Look for the line that has "acik-mutfak-logo" in the material below; please repeat it and every line after it, exactly, up to and including the line that has "Yüksekova'da yoğun yağışlar", and nothing else.

BEGIN Dataset records

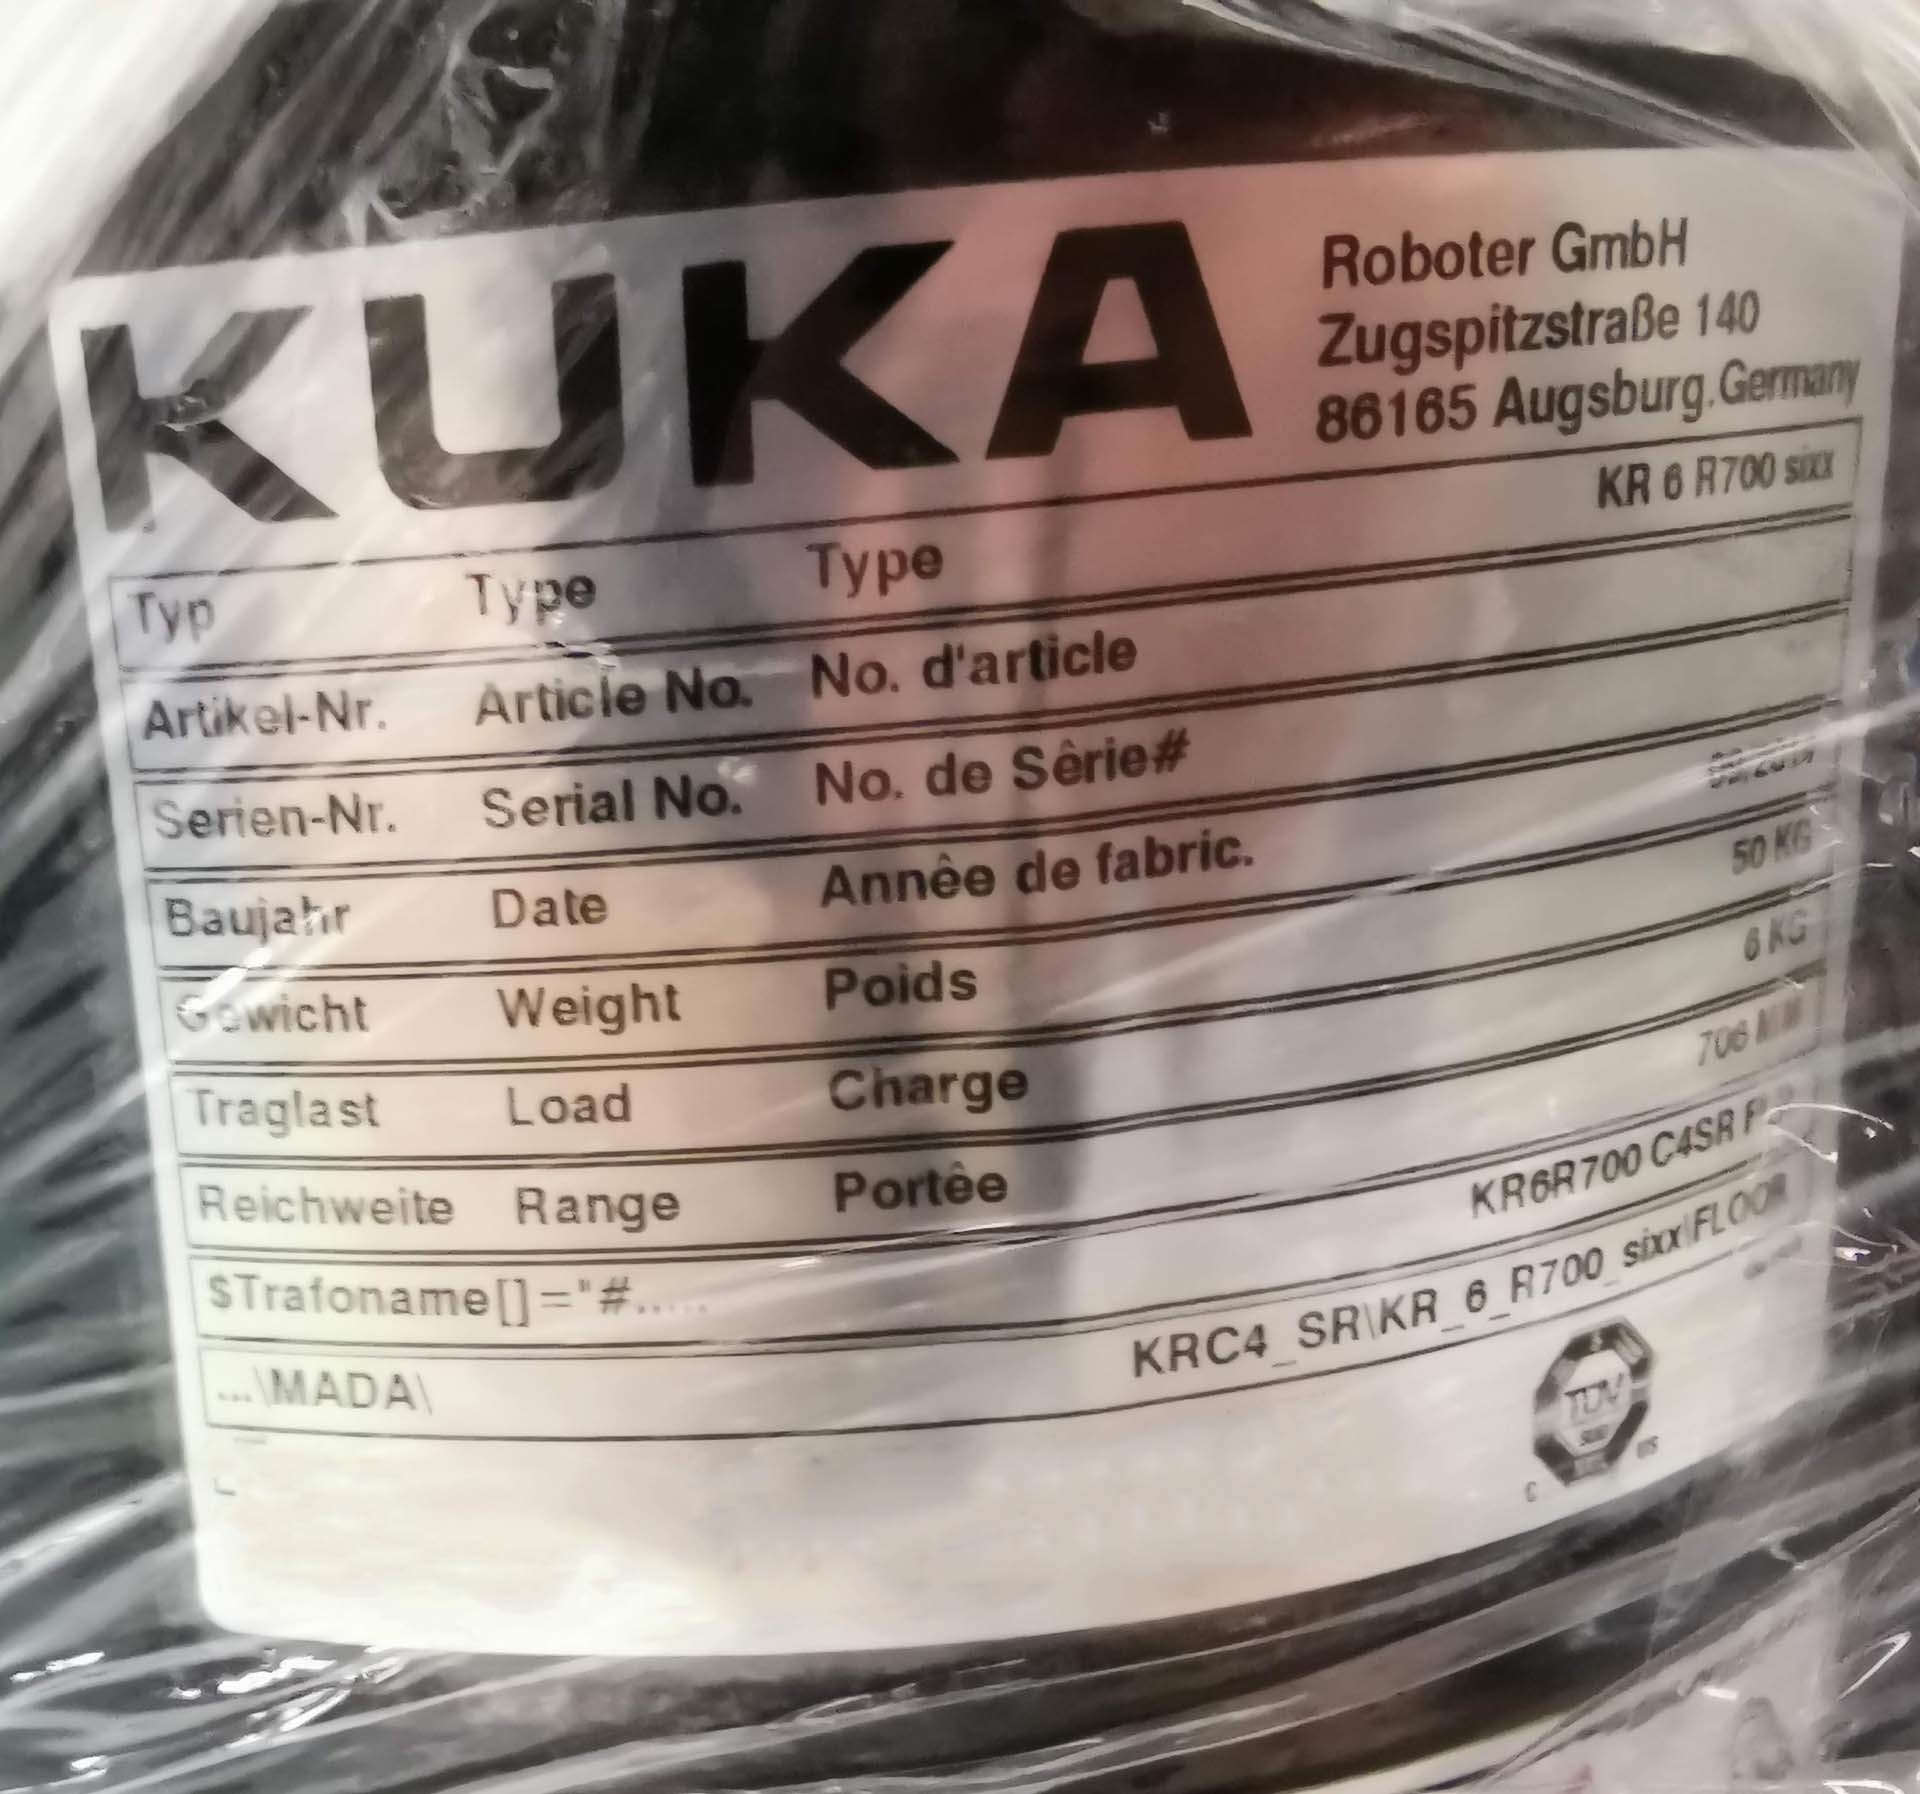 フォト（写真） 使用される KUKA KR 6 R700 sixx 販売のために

END Dataset records
BEGIN Dataset records

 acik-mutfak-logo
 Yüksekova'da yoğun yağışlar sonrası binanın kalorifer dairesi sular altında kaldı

END Dataset records
BEGIN Dataset records

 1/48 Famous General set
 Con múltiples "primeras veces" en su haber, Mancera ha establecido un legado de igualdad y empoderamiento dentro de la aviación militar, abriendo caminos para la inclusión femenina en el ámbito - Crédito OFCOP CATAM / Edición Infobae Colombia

END Dataset records

Answer area –
 acik-mutfak-logo
 Yüksekova'da yoğun yağışlar sonrası binanın kalorifer dairesi sular altında kaldı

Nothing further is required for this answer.